É aqui que as coisas ficam escorregadias. A história favorece o argumento de Moyn de que um “liberalismo do medo” é uma base precária para a social-democracia. As crises, seja na segurança nacional, na economia ou na saúde global, tendem a não sustentar movimentos de reforma. As eras do New Deal e da Segunda Guerra Mundial testemunharam uma intervenção governamental significativa, mas muitos dos programas das décadas de 1930 e 1940 já não estão entre nós - a Administração de Ajustamento Agrícola, a Administração de Recuperação Nacional e o Corpo de Conservação Civil são apenas alguns. É claro que os controles de preços durante a guerra desapareceram; o Conselho de Produção de Guerra e o Gabinete de Administração de Preços - que regulamentaram a indústria de defesa e instituíram controlos de rendas para edifícios residenciais durante a Segunda Guerra Mundial - foram dissolvidos em 1945. Mas permanece uma indústria militar permanente.
Ou pense, mais recentemente, na resposta do governo federal à COVID. As propostas para uma renda básica universal, proteção aos locatários e perdão generoso de empréstimos estudantis foram deixadas de lado. Por que? Medidas de alívio da pandemia destinadas a corrigir crises temporárias; elas não foram projetados para construir uma nova social-democracia. As características do Estado administrativo que sobreviveram à Segunda Guerra Mundial foram aquelas destinadas a durar mais que a sua história. A Administração da Segurança Social, o Conselho Nacional de Relações Laborais, o Fair Labor Standards Act (que criou um salário mínimo e aboliu o trabalho infantil) transcenderam a urgência das suas origens.
As crises também têm uma forma de matar as reformas, e não apenas de estimulá-las. Lyndon B. Johnson lançou sua Grande Sociedade em 1964, numa época de baixo desemprego, altos salários e riqueza esperada. Johnson não precisava de uma guerra ou de uma depressão para justificar o Medicare, a Lei dos Direitos Civis ou o Head Start. Mas a americanização da Guerra do Vietnã derrubou os seus planos mais ambiciosos para a igualdade racial e econômica, levou à morte de milhões de pessoas e custou-lhe o seu legado histórico.
Os liberais deveriam tirar lições desta história. O espectro de Trump manteve-o fora do cargo em 2020. Mas Trump não é o suficiente. Os Liberais - Democratas - precisam de ir além da fixação na vitória a curto prazo para imaginar reformas democráticas que possam construir um liberalismo (e uma coligação liberal) que possa sobreviver à política de Trump. A agenda Build Back Better de Joe Biden, em grande parte uma bonança de subsídios corporativos - a Lei de Redução da Inflação (IRA), a Lei CHIPS - ainda não atingiu o momento. Se os liberais quiserem salvar a democracia, devem exigir uma vitória que nos peça para não esquecermos como ganhamos a guerra.

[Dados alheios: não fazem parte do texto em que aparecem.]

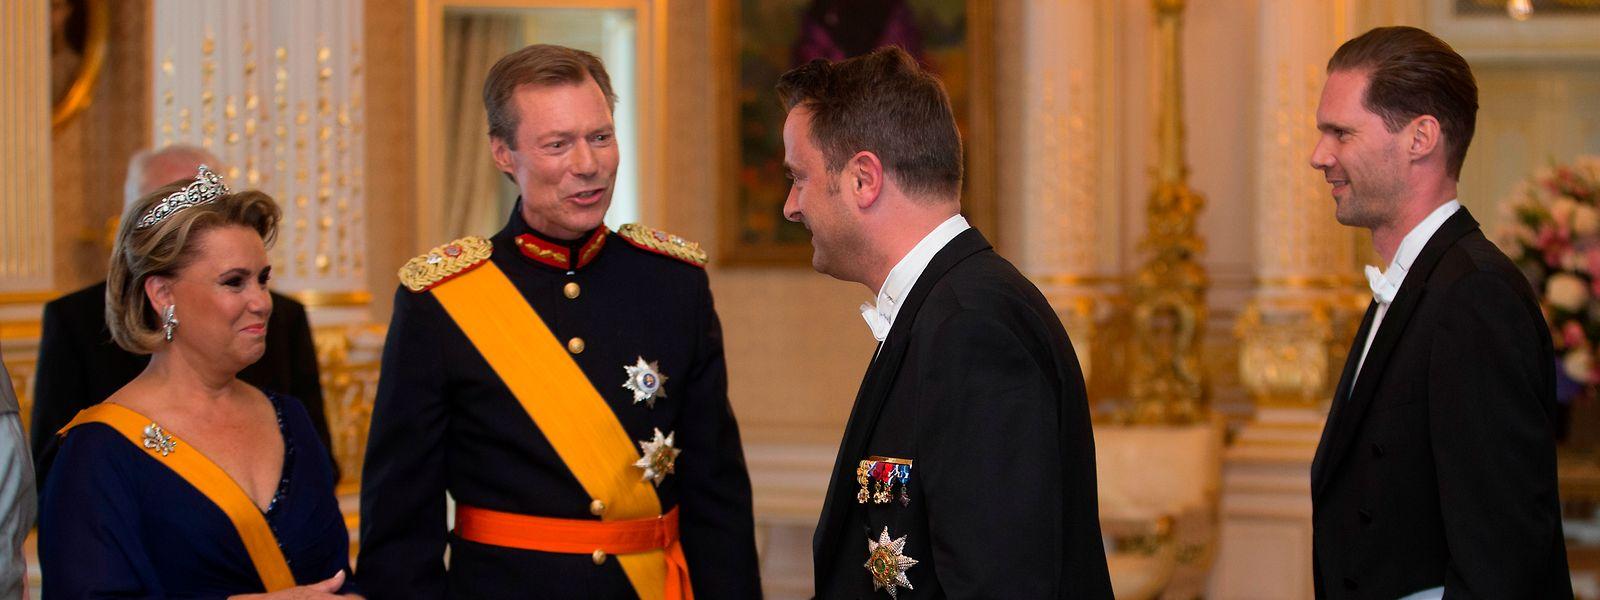 La valeur du patrimoine de la famille grand-ducale n' a jamais figuré au rang des communications publiques.

Isto levanta a questão de saber se tal liberalismo existe ou pode florescer. É difícil encontrar o tipo de liberalismo que possa revitalizar a social-democracia nos Estados Unidos, que possa dissuadir futuros Donalds Trumps e não apenas impedir os atuais. Moyn tem razão ao dizer que estamos presos ao pós-vida do liberalismo da Guerra Fria - os liberais continuam empenhados em políticas de emergência, em encontrar a renovação interna através da luta contra um inimigo estrangeiro. Mas os principais intelectuais liberais como Richardson e Ben-Ghiat parecem contentes com esta versão do liberalismo: um liberalismo com visões truncadas do que a democracia pode ser, ou de como a democracia pode ser realizada fora do contexto da luta geopolítica com rivais não liberais (ou seja, contra a China ou a Rússia).
Colaborador
Michael Brenes leciona história na Universidade de Yale. Seu novo livro é For Might and Right: Cold War Defense Spending and the Remaking of American Democracy.